Expert's Opinion

How To Spot Vulnerabilities in Skincare Clinical Studies

Industry expert Laurence Dryer PhD provides a guide for beginners.

The most powerful tool of a professional skincare brand to credential the efficacy of its products is the clinical study. Clinical studies and their accompanying Before-and-After photos are the ultimate proof that not only have the formulators collected the right ingredients and developed the right chassis, but that the final goods deliver results. A quality clinical study will generally be published in a reputable peer-reviewed journal, disclose all the specifics of the study, and show numerical and visual proof of efficacy, tolerability and safety. However, the skin care industry is littered with pseudo-publications, “pay-to-play” columns, white papers and case studies—all of them widely presented as evidence.

It is important to remember that although anecdotal data can be part of the initial scientific process, all data should be subjected to the same scrutiny and objective verification. No study is perfect, and good studies point at their own vulnerabilities, but it does help to be able to spot weaknesses in studies that don’t. Here are a few tricks of the trade to detect exposure in an otherwise seemingly solid study.

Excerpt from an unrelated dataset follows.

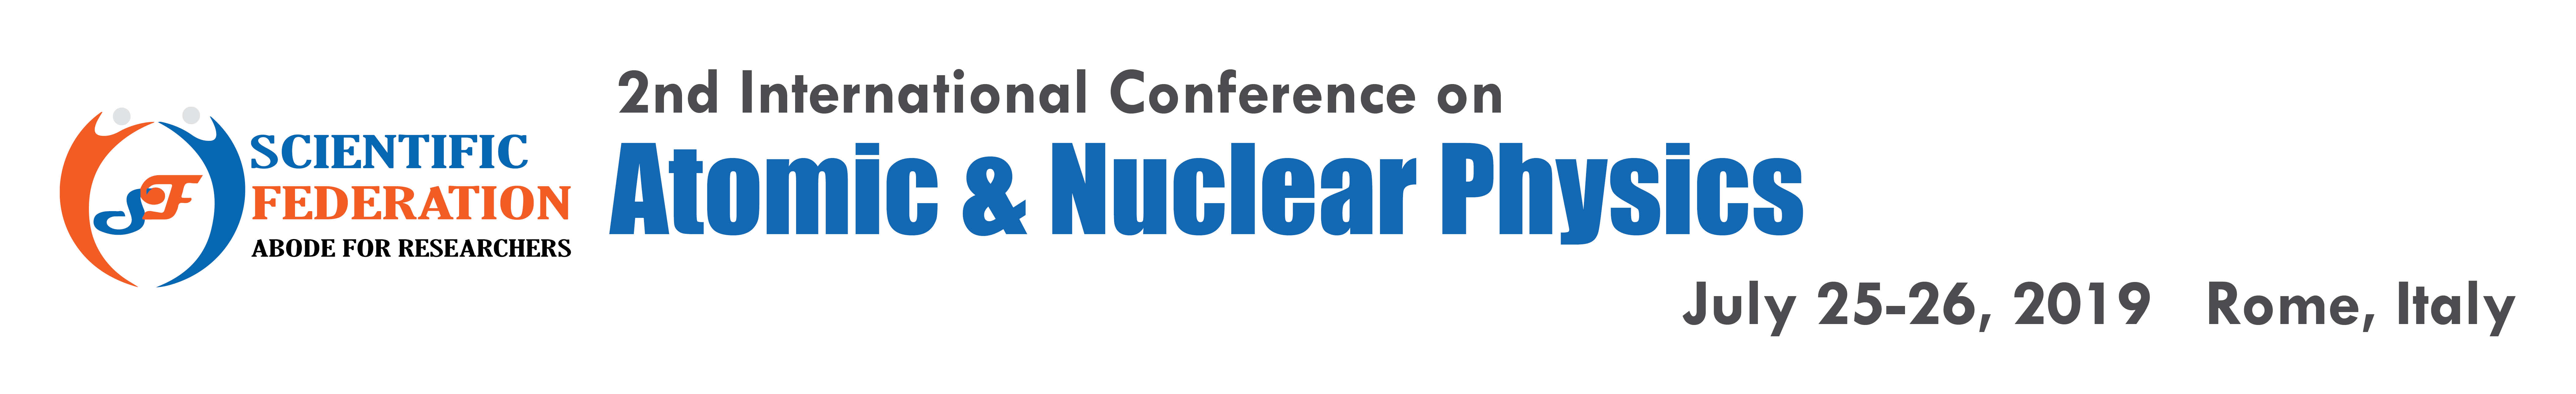 2ND INTERNATIONAL CONFERENCE ON  ATOMIC & NUCLEAR PHYSICS, Rome, Italy

The Publication Medium: Credibility

Look for the journal, book publisher or website. An obscure journal with a low impact factor may apply less scrutiny; Some journals are not peer-reviewed at all. Book chapters can make excellent review sources, but they are not to be taken as primary literature, i.e., sources of data. The credibility of websites depends entirely on their affiliation: look for sites that belong to research organizations or hospitals instead of purpose- or charity-driven sites. White papers are not reviewed and are potentially biased.

The Study Sponsors or Authors Affiliations: Objectivity

Look for the academic or industrial affiliation of the authors (usually right below their names underneath the study title), or/and for signs of industrial support (usually at the end of the publication) by companies that might benefit from the study results. None of these should invalidate the data by themselves, but they matter, especially if the results are too good to be true. This is not to say the authors falsified data, but rather that the data need to be taken in a larger context and replicated by different sources.

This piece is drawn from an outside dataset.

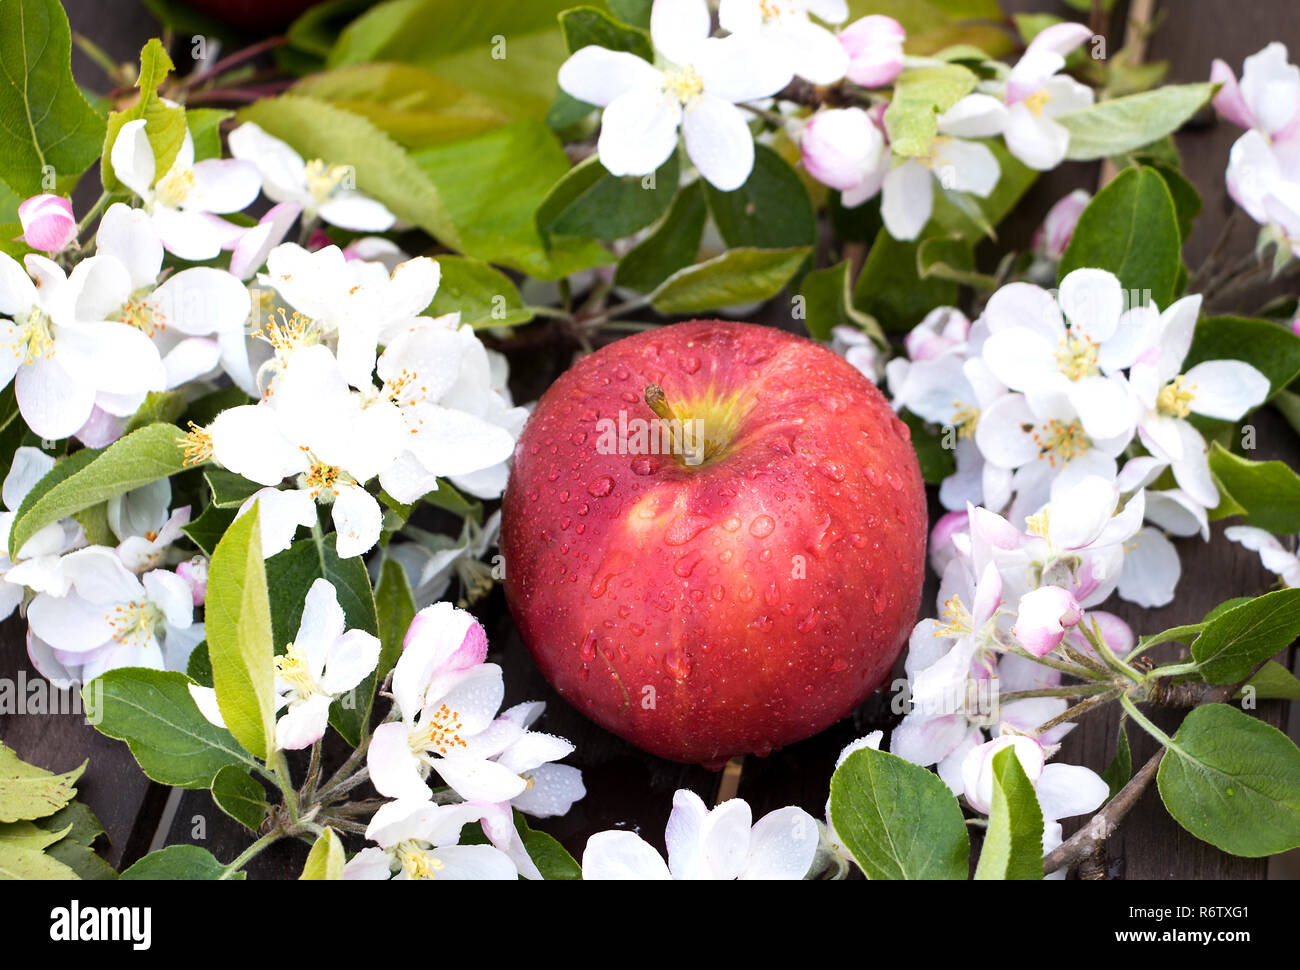 red apple surrounded by apple blossoms Stock Photo

The Statistics: Appropriate Choices

Proper statistical setup is paramount. Although it takes somewhat of an expert eye to determine if the right statistical test was employed, it behooves any reader to at least check that any statistics were done, or if the study was a case study (an in-depth examination of one patient).

The p value is the success indicator of a statistical test. An indicated p value inferior to 0.05 indicates statistical significance and means that there is a 95% chance that the observed results are not due to chance. If there are no statistics, or if the numbers are directional, then the data is not significant at that point for that study.

Statistical tests allow for selective elimination of some data points called outliers. Qualifying data points are generally two standard deviations or more away from the mean of the rest of the data. If appropriately justified, those are fine, but because they can skew the results favorably, they should certainly be scrutinized.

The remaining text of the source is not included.